Now, I knew that. While the scientific method itself is great, which science gets funded is always biased, even when it is publicly funded.
But you know, I thought scientists at least made sure their alibi was airtight you know?
arXiv, in a recent tweet, made it clear that vibe-written research papers are against their policy. A college professor chipped in asking how can you expect people to read every citation. Maybe it's just me, but that was my genuine expectation. How can you be willing to put your name on a paper that you don't understand fully? Maybe that's just me though, 'cause the bugs come to hunt me later while I sleep anyway, so I better be damn sure I know what it is.

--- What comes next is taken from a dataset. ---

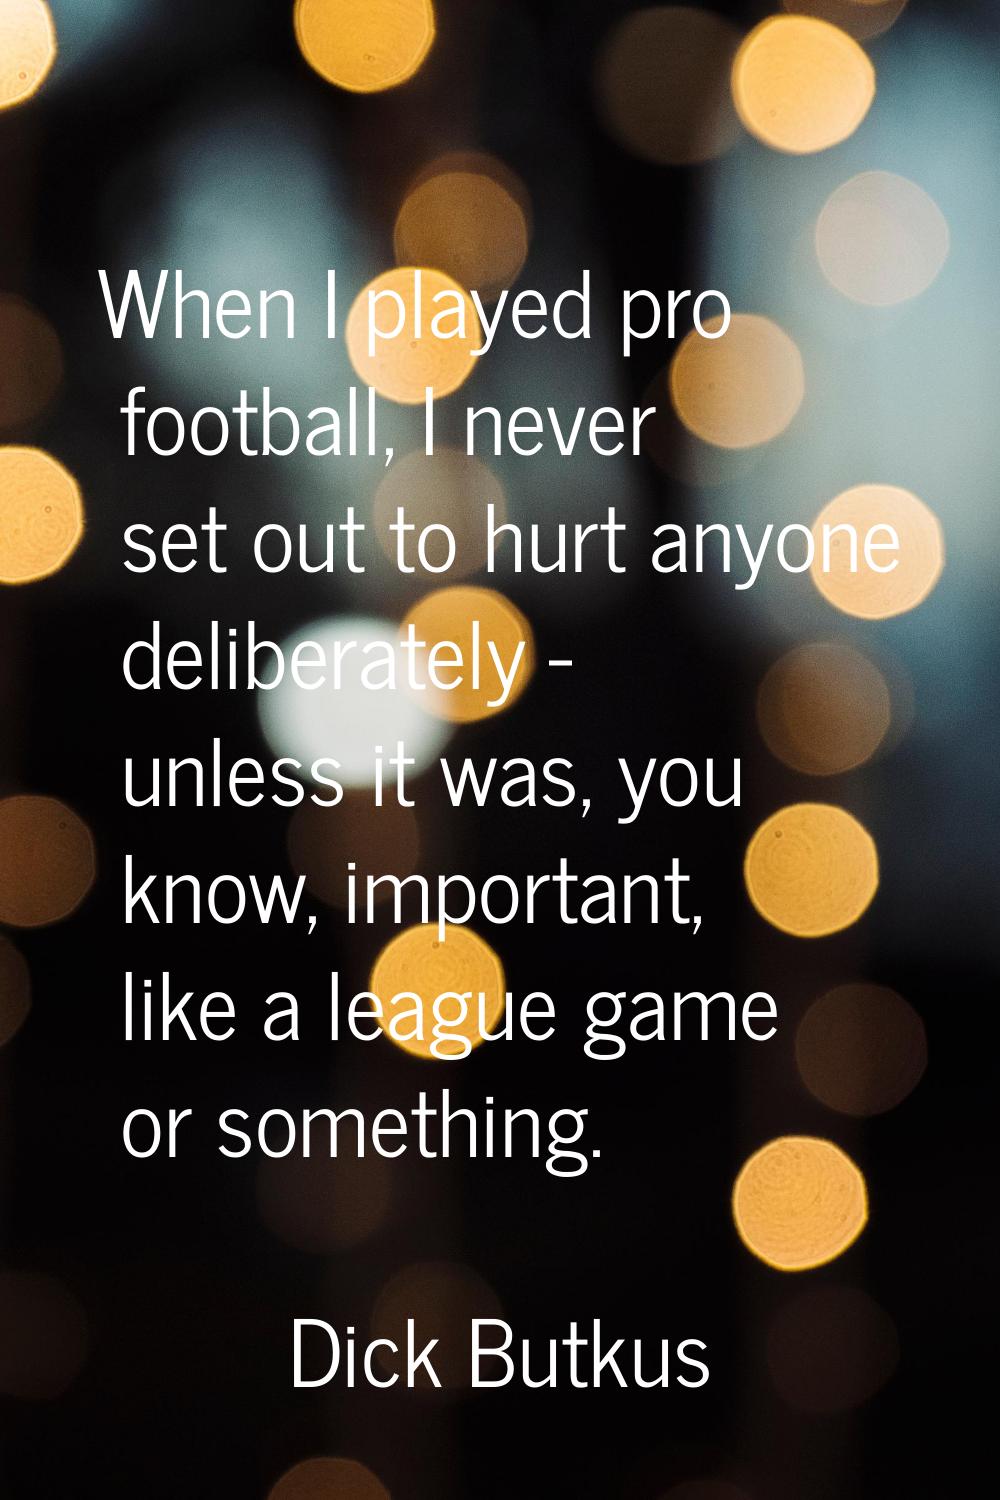 When I played pro football, I never set out to hurt anyone deliberately - unless it was, you know, 
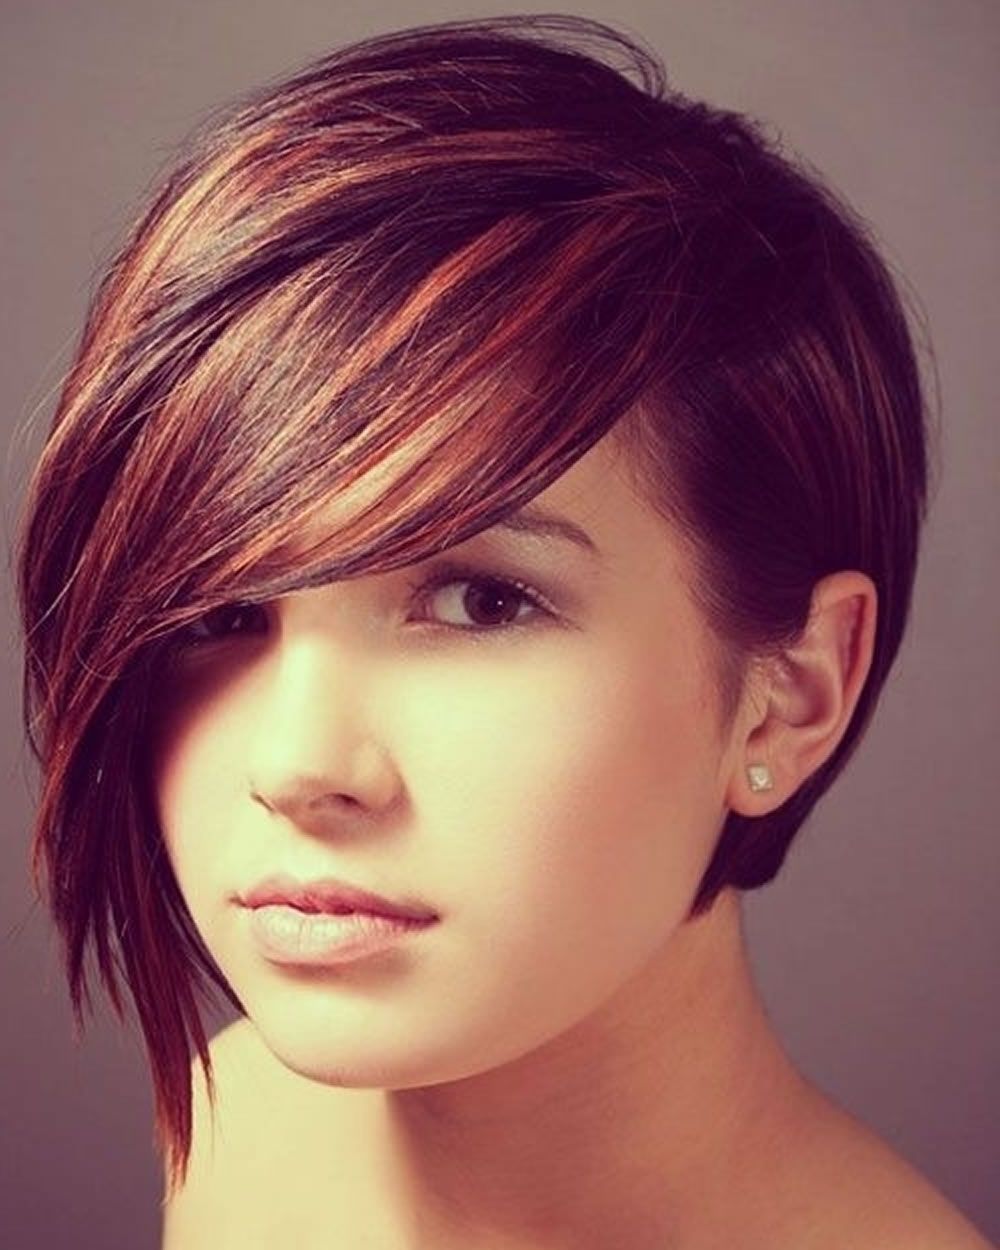 Asymmetrical Short Thick Hair Round Faces 2018 – Hairstyles Throughout Newest Asymmetrical Long Pixie For Round Faces (View 13 of 15)

This is a side-point, but with the above points in mind about journalism, I actually find it funny that Wikipedia's policy only accepts information from certain "notable" or "verifiable" sources, like peer-reviewed (😉) scientific papers or serious journalistic (😉) sources.
This came to my attention because the Odin programming language, which I find very enjoyable to write in, and I think is a cool language, has a history with Wikipedia where Wikipedia mods don't want it to have a page.
2026-05-20 Edit: I read this very thorough review of that situation between Odin/GingerBill and Wikipedia, I share it because I think it's worth your time to get further context on this matter: Odin, Wikipedia and Engagement Farming
I think there is definitely an under-current in our culture, that being average is OK. Nowadays perhaps it's somewhat of an over-current.
Somehow the underperformers, the ones that have some kind of anxiety about their performance, or the highly empathetic kind of people, got a hold of the zeitgeist of our modern culture.
With a bit of thought, I can only come to a couple conclusions about that.
The first is that, well, the inadequate got a hold of the zeigeist, so they try to make their inadequacy normal and acceptable.
The second might be that, with full good intentions, the high empathy types are doing a similar thing, for the inadequate.
The third might just be that because there is no "higher" level to aspire to, as previous cultures might've had by trying to make things "worthy of the gods", or "for God", so to speak, the standards dropped, until it meets the average.
A fourth interpretation might be that due to the rise of Bullshit Jobs, as proposed by David Graeber, people have to make their bullshit jobs more acceptable to themselves, and to society, lest the whole thing falls apart.
But why do I think about it like this? I mean culture still appreciates excellence, right? I don't know. The mainstream music is excellently produced, but has little to offer for the soul. Modern programming, with AI and all that, has little to offer for the soul or for the stakeholders (no matter how much the bubble likes to claim it has much to offer, it is simply more expensive than the value it hopes to produce, even if it does produce some value). The modern internet is is, as I spoke previously on this post, very homogenized, everything is on a limited amount of platforms, few people have their own blog where they frequently write their thoughts down.
Excellence requires deep thought, deep work, deep human soul invested. But modern culture wants all of that to happen without any of that.
If I want excellence, I need to express high standards and maintain them.
But how do I have high standards to express them, in the first place? Well first I need to be dedicated. And I need to genuinely spend time doing hard things, for fun! I need to stop spending time on things that aren't valuable, like scrolling social media (I genuinely don't do it much, but I do it more than zero, which is not ideal, zero is ideal).
And I need to somehow make an island for myself, where what I've made, speaks for itself.
But things speaking for themselves is not enough. Perhaps I need to also promote my ideas more widely. Perhaps I should open up other channels or avenues of expression, to promote my ideas. Otherwise even if I try to raise the standard, there is nobody there to listen.